PROBLEM: Once the pictures are set aside, transcribe the remaining data exactly.

[DATASET CONTENT]

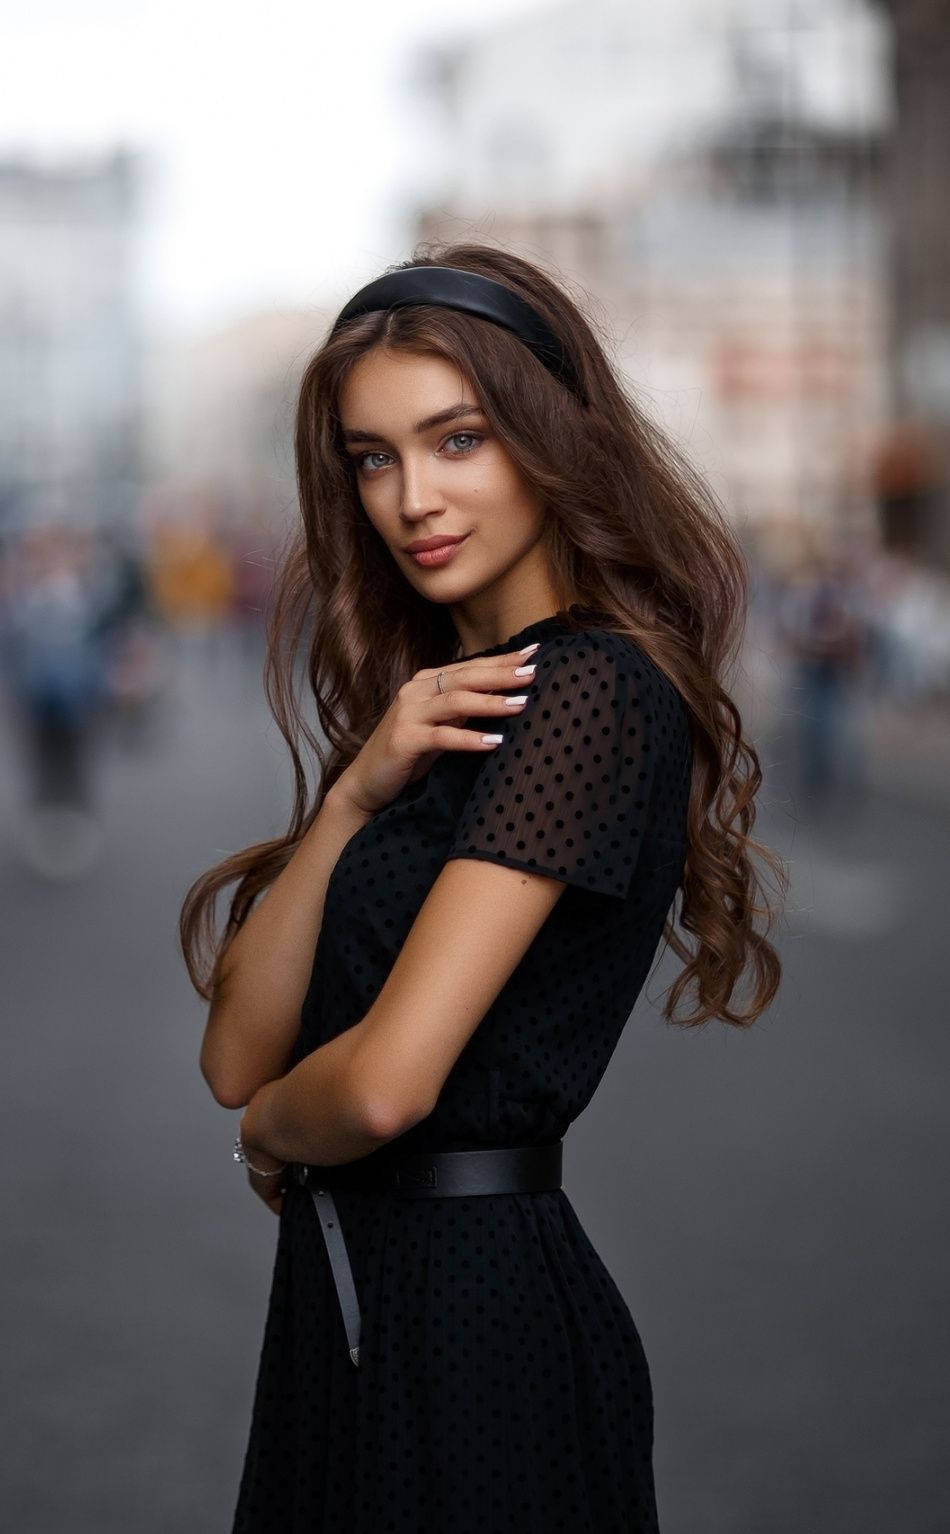 Female Model In Black Woven Dress Wallpaper
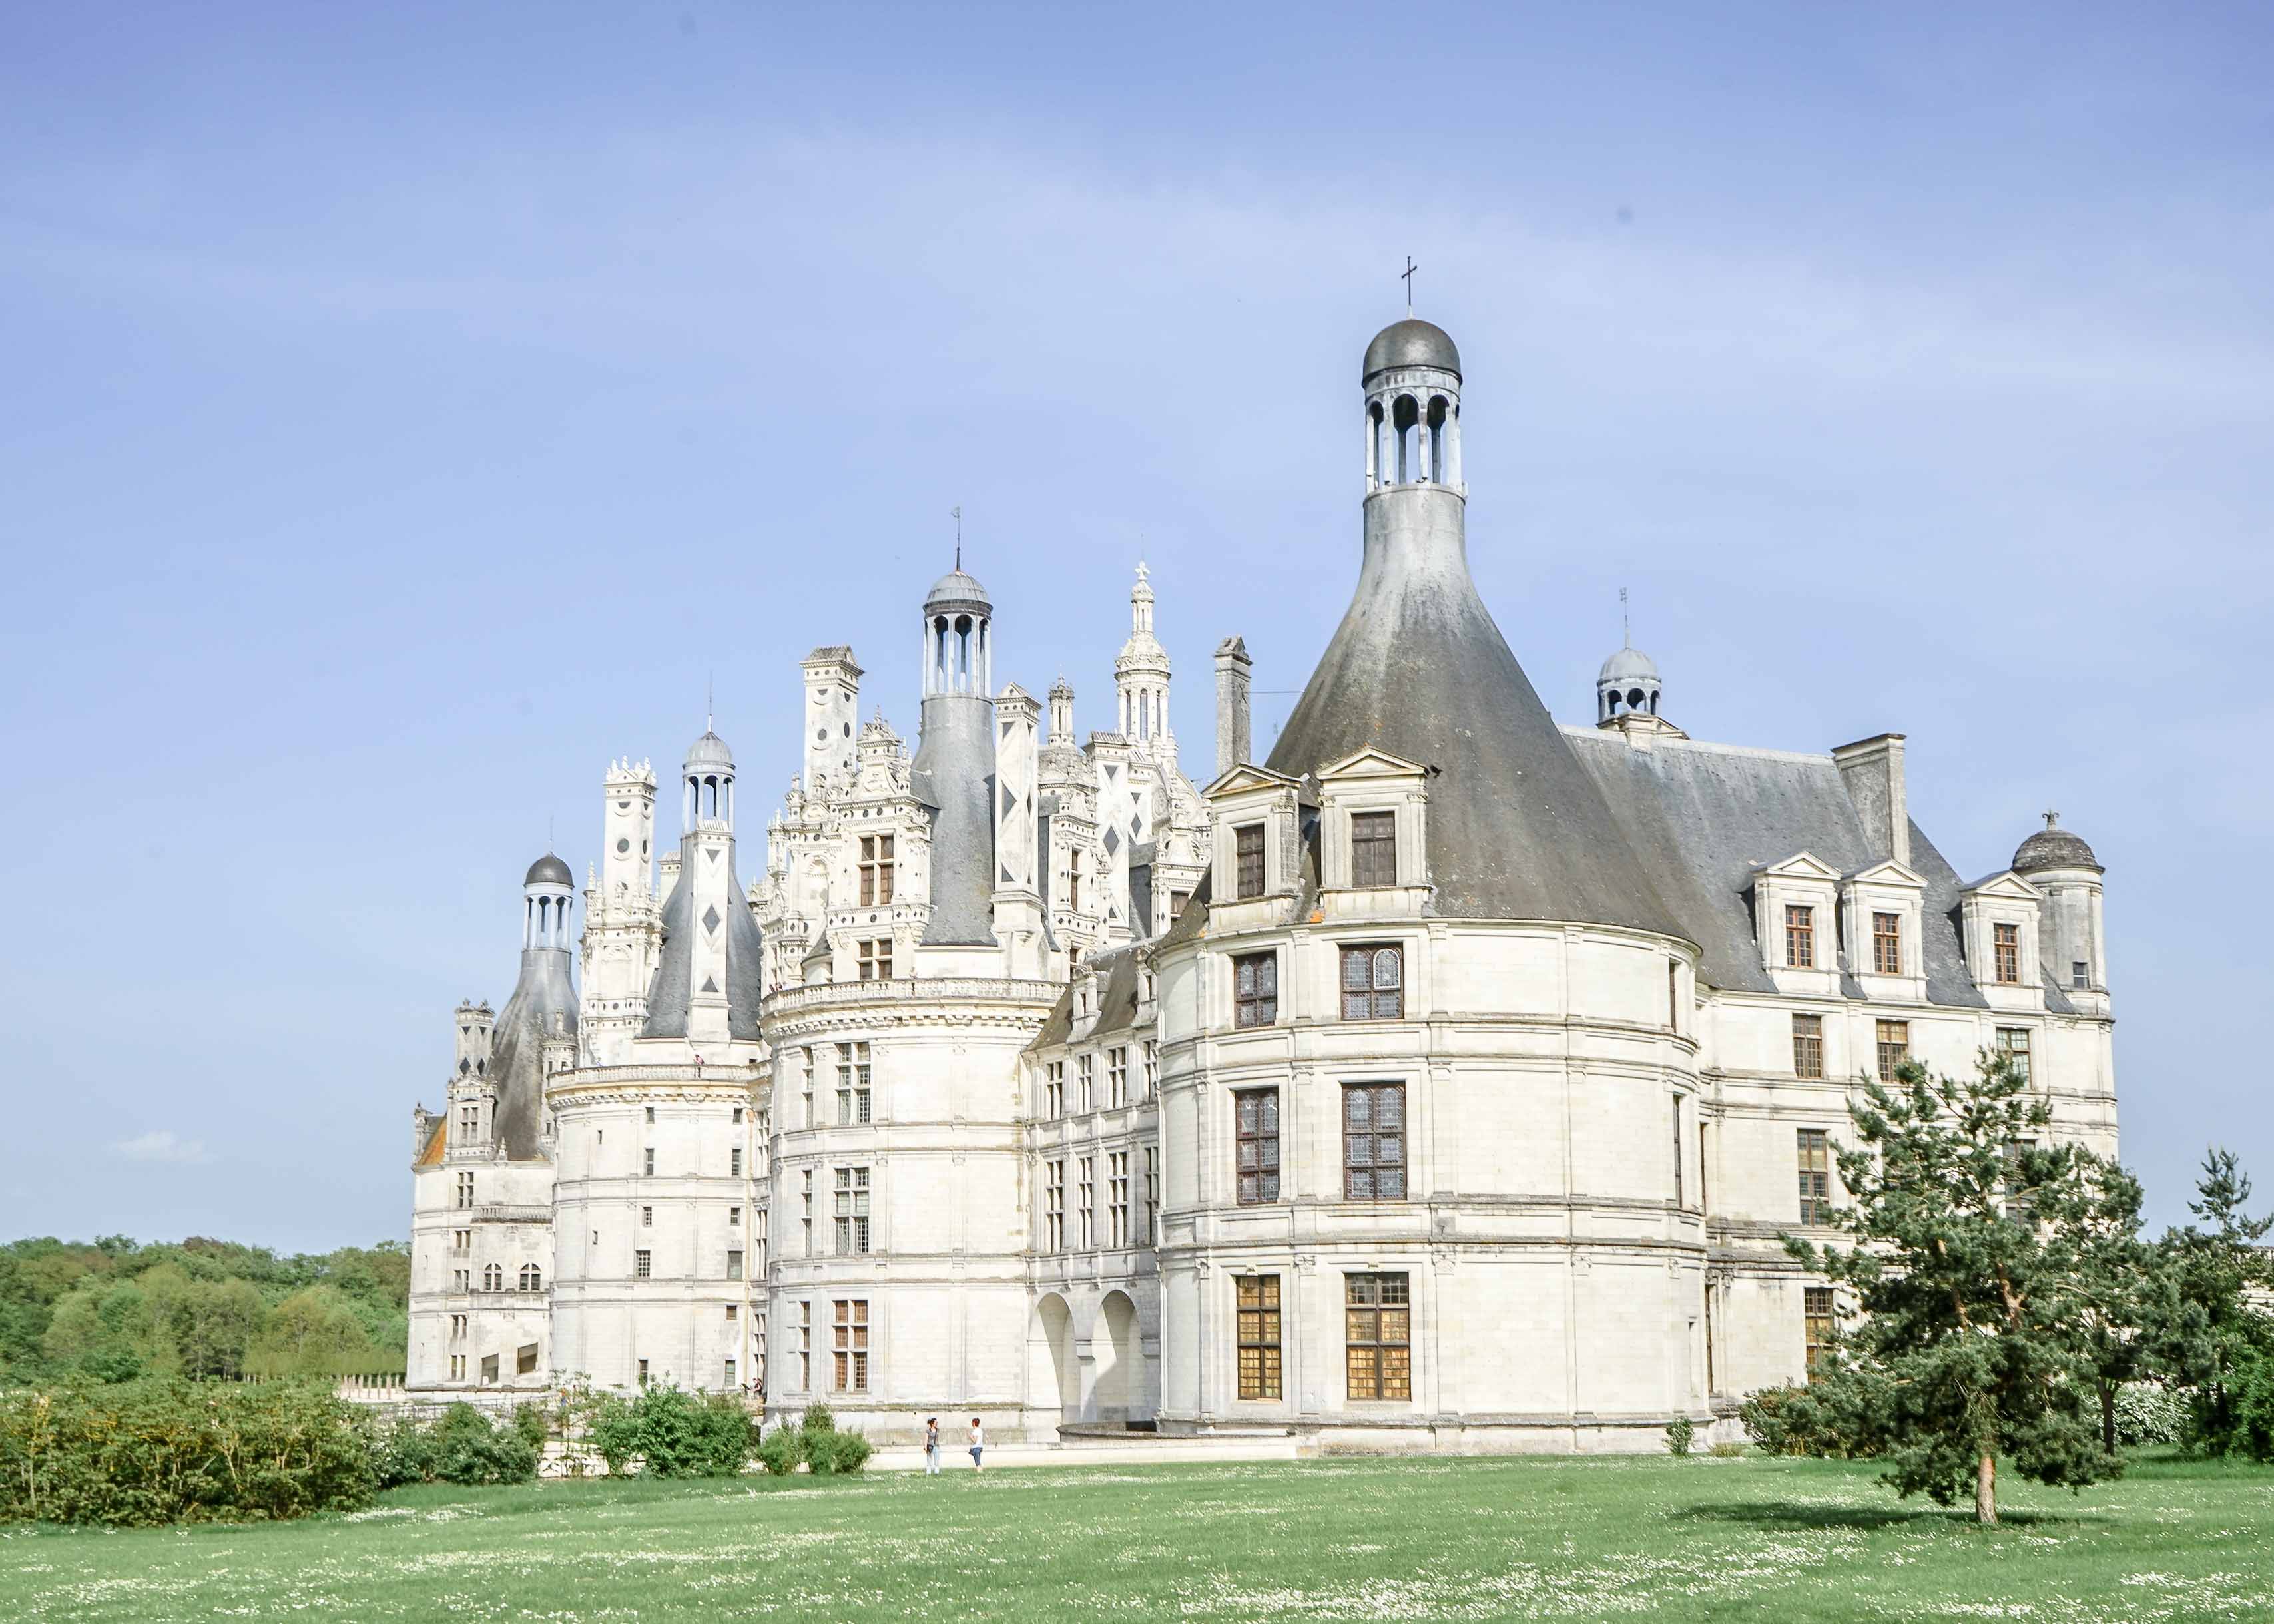 Chateau de Chambord ปราสาทชองบอร์ด
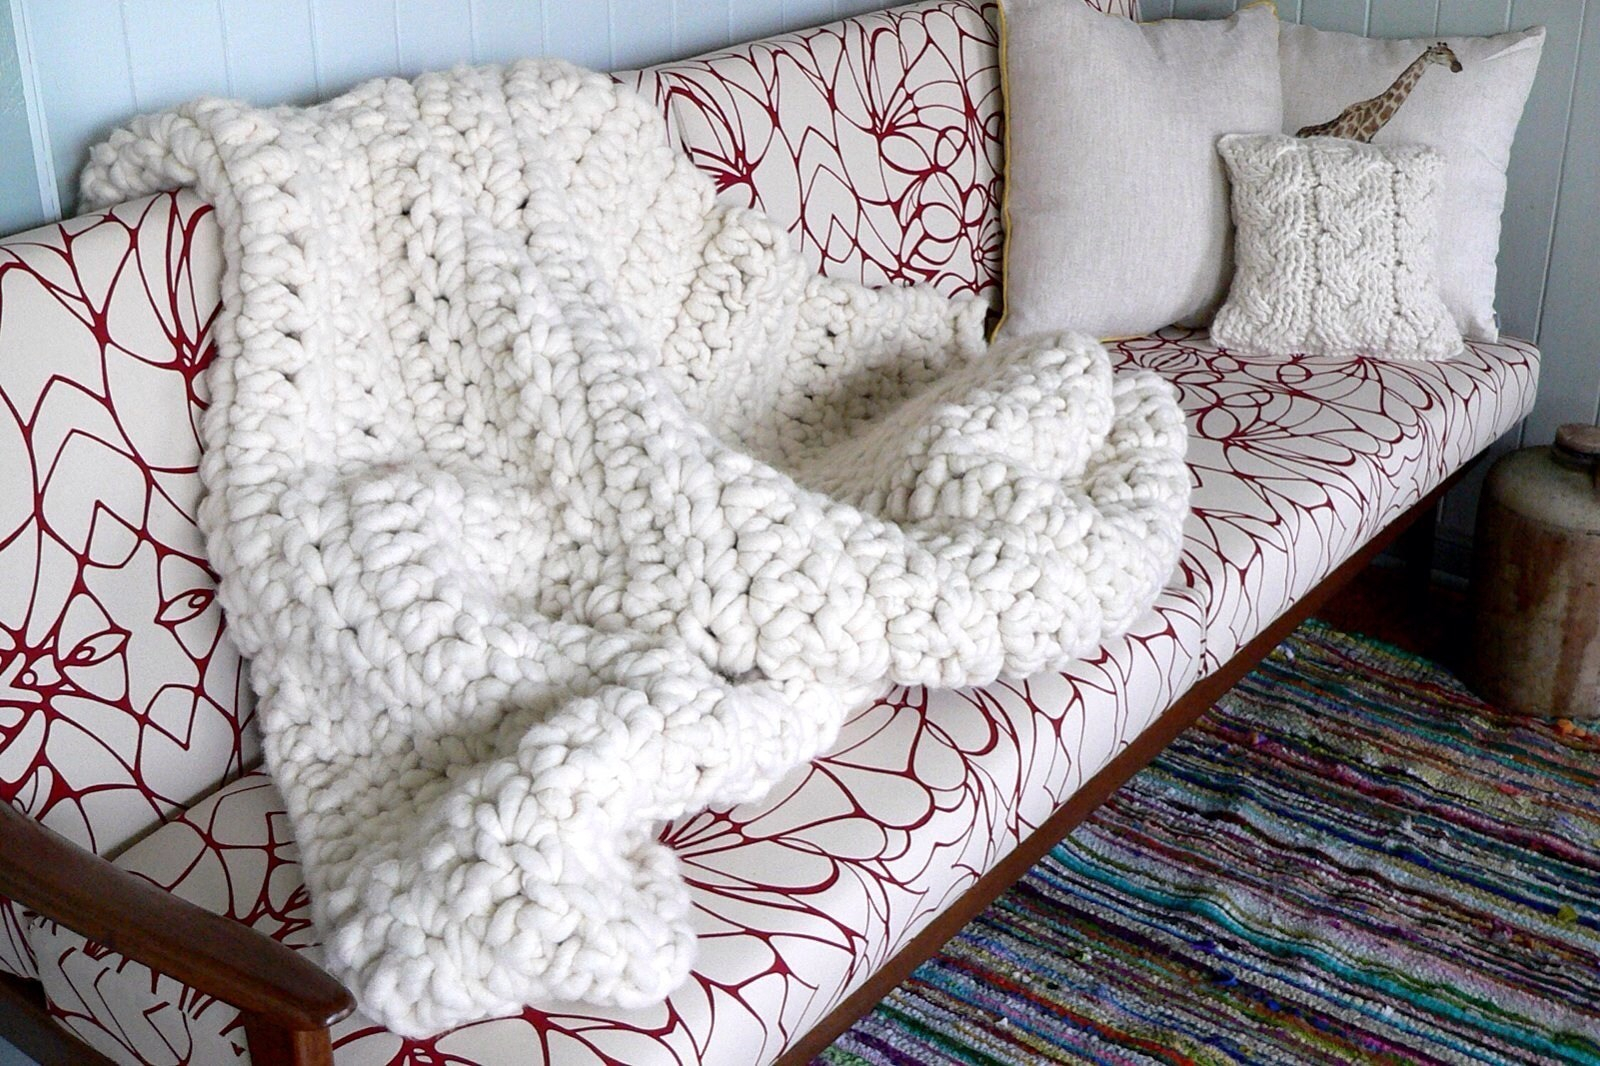 bulky-yarn-crochet-afghan-patterns-for-beginners-free-crochet-afghan-patterns-for-bulky-yarn
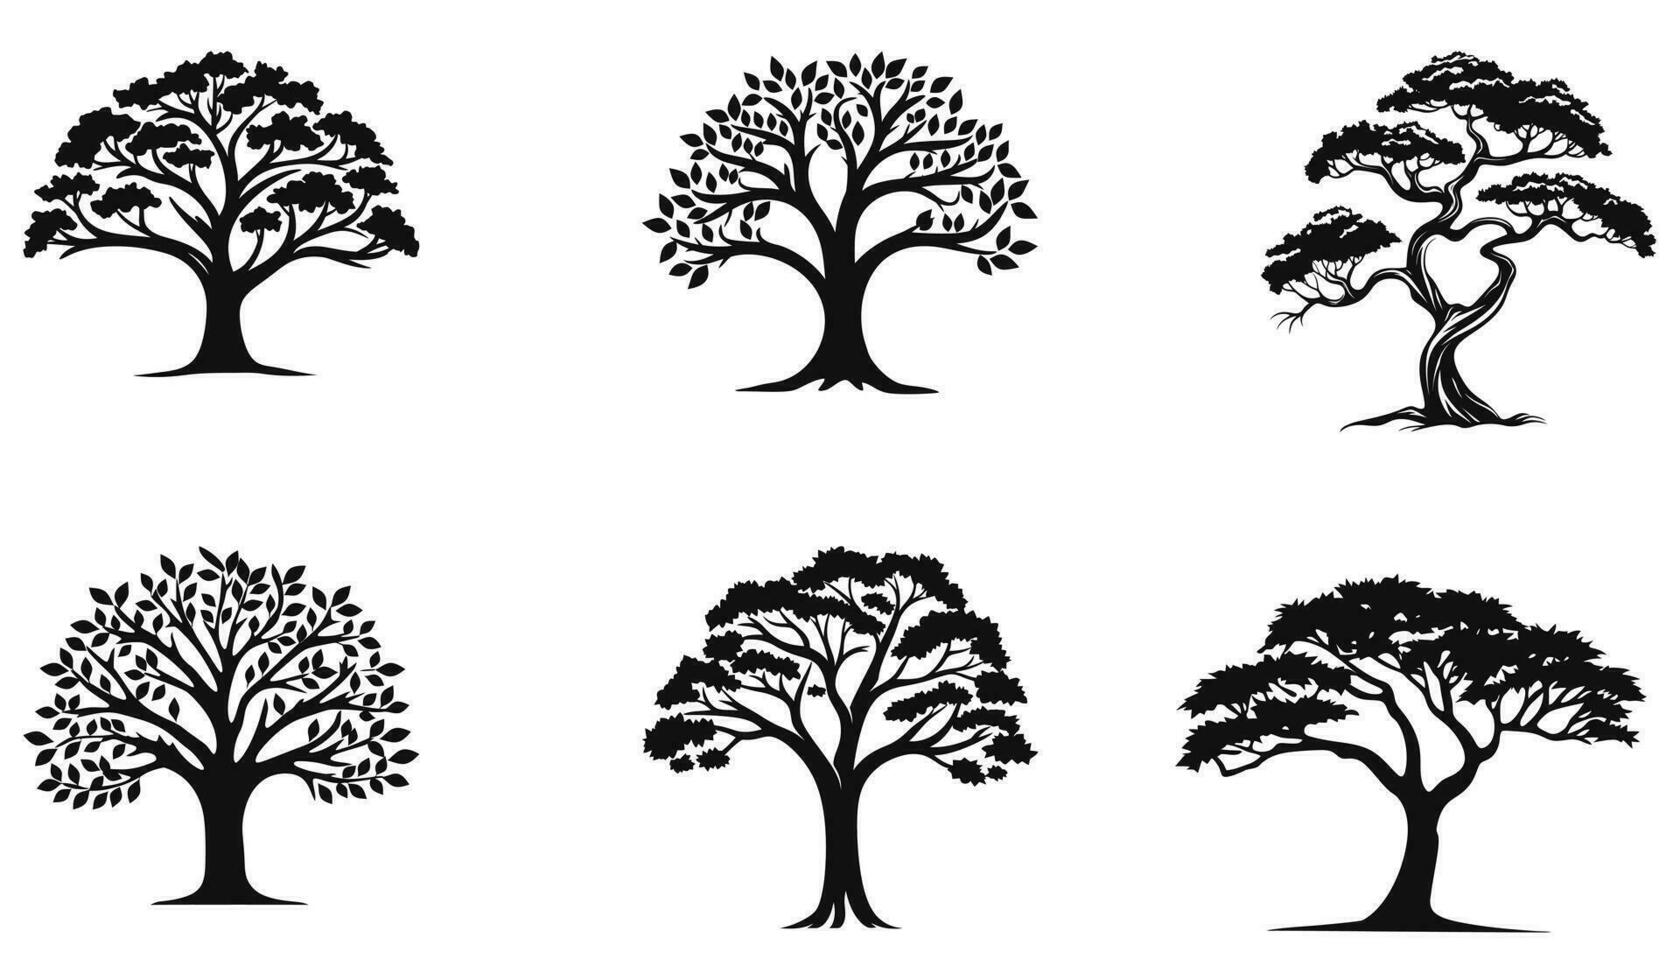 Sylvan Shadows  Artistic Tree Silhouettes vector

[/DATASET CONTENT]

OUTPUT FOR THIS TASK:
 Female Model In Black Woven Dress Wallpaper
 Chateau de Chambord ปราสาทชองบอร์ด
 bulky-yarn-crochet-afghan-patterns-for-beginners-free-crochet-afghan-patterns-for-bulky-yarn
 Sylvan Shadows  Artistic Tree Silhouettes vector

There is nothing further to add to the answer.